# Irritated with sign shop owners!



## idreaminglasscolor (Aug 9, 2011)

I was calling around to see where i could get the cheapest sheet of corrugated plastic and one lady told me she refused to sell to me because it was for a rabbits cage! It just irked me! Hmph! :X


----------



## MiniLopHop (Aug 9, 2011)

A sale is a sale, why did she care what you used it for?


----------



## idreaminglasscolor (Aug 9, 2011)

That's exactly what i thought. It really irked me.. pthh... How much did you guys pay for a sheet? They want 20-25 bucks...


----------



## gmas rabbit (Aug 9, 2011)

Did you try the local hardware store, sometimes it is called tenplast. I understand your frustration, we often sell sheets to people who ask because we can get it for half the price hardware stores sell it for. If you were closer I get you a pile of scrap ends rather than throw them in the garbage. Must have just caught someone on a cranky day, we are all not that bad. Sorry for your experience. ( LA Sign Shop - Salmon Arm, BC, Canada.)


----------



## idreaminglasscolor (Aug 9, 2011)

I'm really having no luck... Sigh.. any other ideas guys? Other than corrugated plastic maybe?


----------



## MiniLopHop (Aug 9, 2011)

What are you using it for? I know most people use it for shelves, but I used the NIC cube squares for my shelves then put a folded up fleese blanket over it so the buns wouldn't get their feet caught. I just have an area rug for the floor.
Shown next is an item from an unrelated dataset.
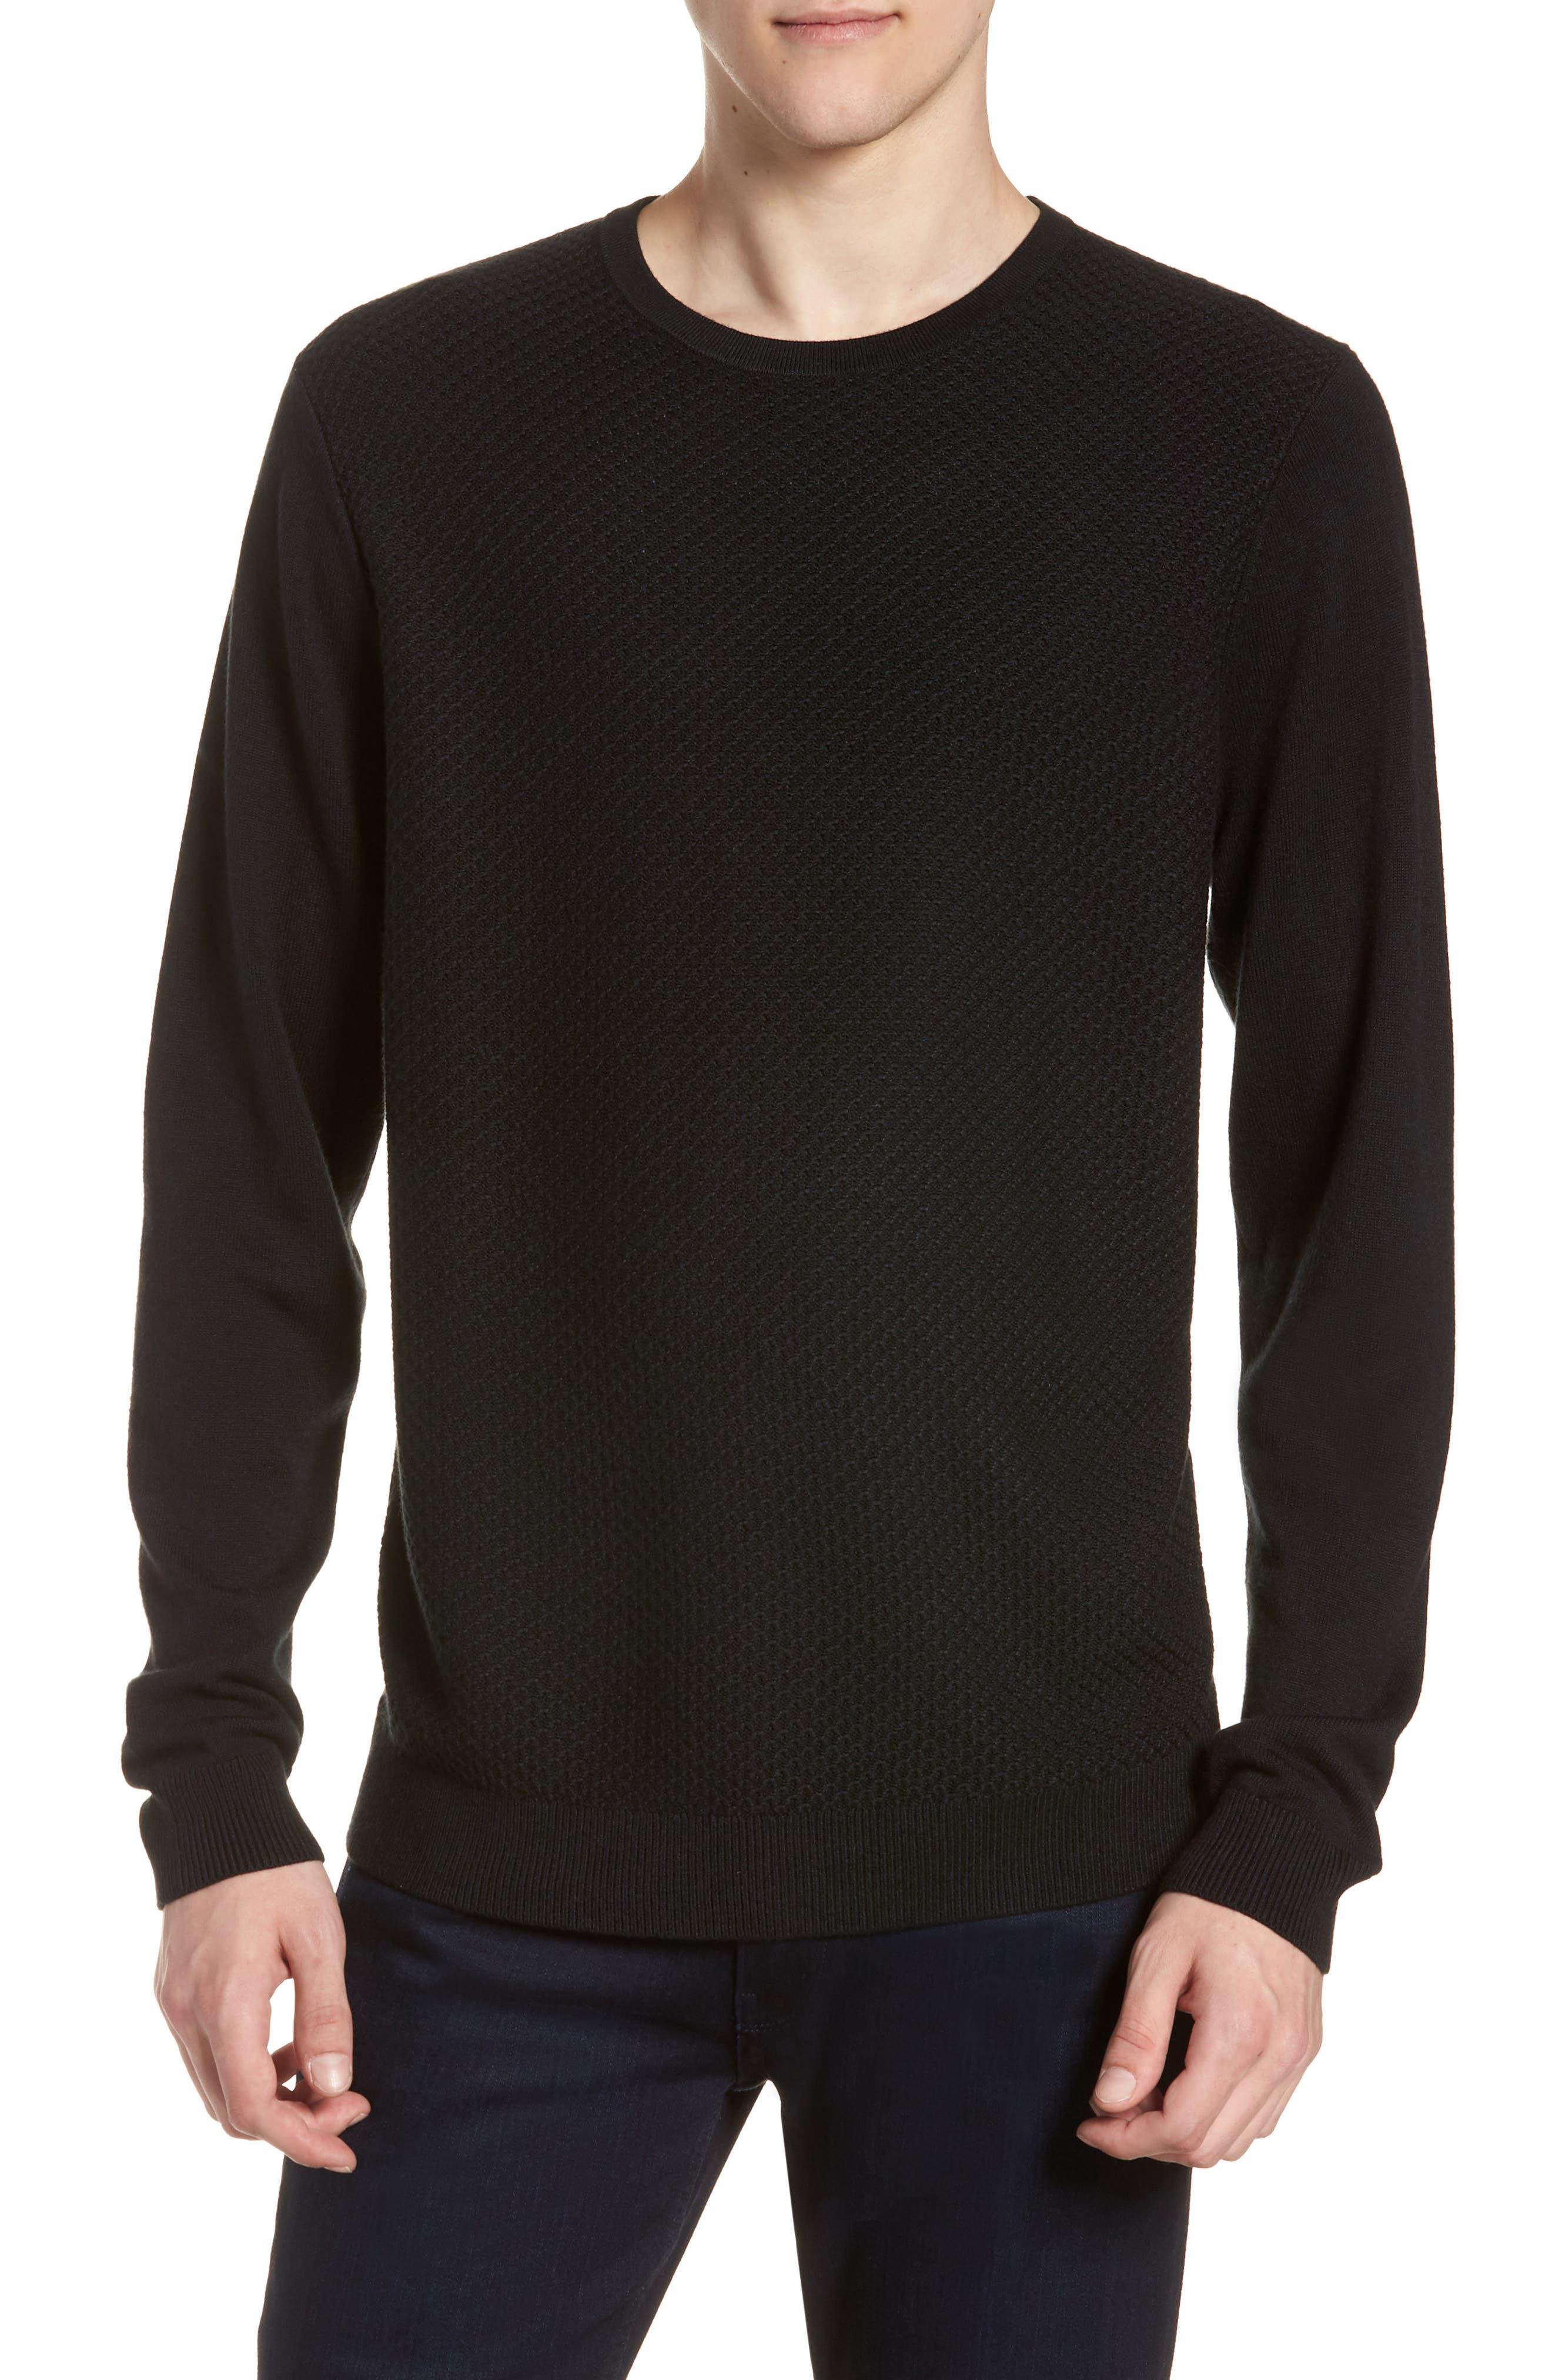 Honeycomb Crewneck Sweater, Main, color, 001

My one pair needs waterproof for the moment since Indy is still working on his potty habbits. For them I put a shower curtain over the area rug and topped with a sheet (not ones that go on our bed). That way I can wash the sheet easier than clean the rug.


----------



## idreaminglasscolor (Aug 9, 2011)

I use it for the flooring.


----------



## MiniLopHop (Aug 9, 2011)

What about the rolled vinal flooring?


----------



## idreaminglasscolor (Aug 9, 2011)

Any idea where i would get that?


----------



## gmas rabbit (Aug 9, 2011)

Carpet or lino store, ask for a remnant end.


----------



## Nancy McClelland (Aug 9, 2011)

I've gotten plastic in various sizes at Ace Hardware.


----------



## gmas rabbit (Aug 9, 2011)

We have bought coroplast or tenplast from Home Hardware & Rona. If we buy it from the supplier it costs about $10 per sheet if bought in bulk, but even for us to buy from a hardware store they charge us 25-28 in Canada.


----------



## MagPie (Aug 9, 2011)

Wow, that's a really weird reason not to sell to someone. Sorry I wouldn't know where you could get some.


----------



## Steph16 (Aug 9, 2011)

I don't use a floor for my bunnies cage. I have the linoleum hard flooring from my place as the floor, that way if I need to clean or sweep around the cage I can move it without having to move the carpet or whatever. You know how bunnies are with their hay, they get it, then the next second it's thrown all over the place.


----------



## plasticbunny (Aug 9, 2011)

I've been using snap-in faux wood flooring, and it is AMAZING.


----------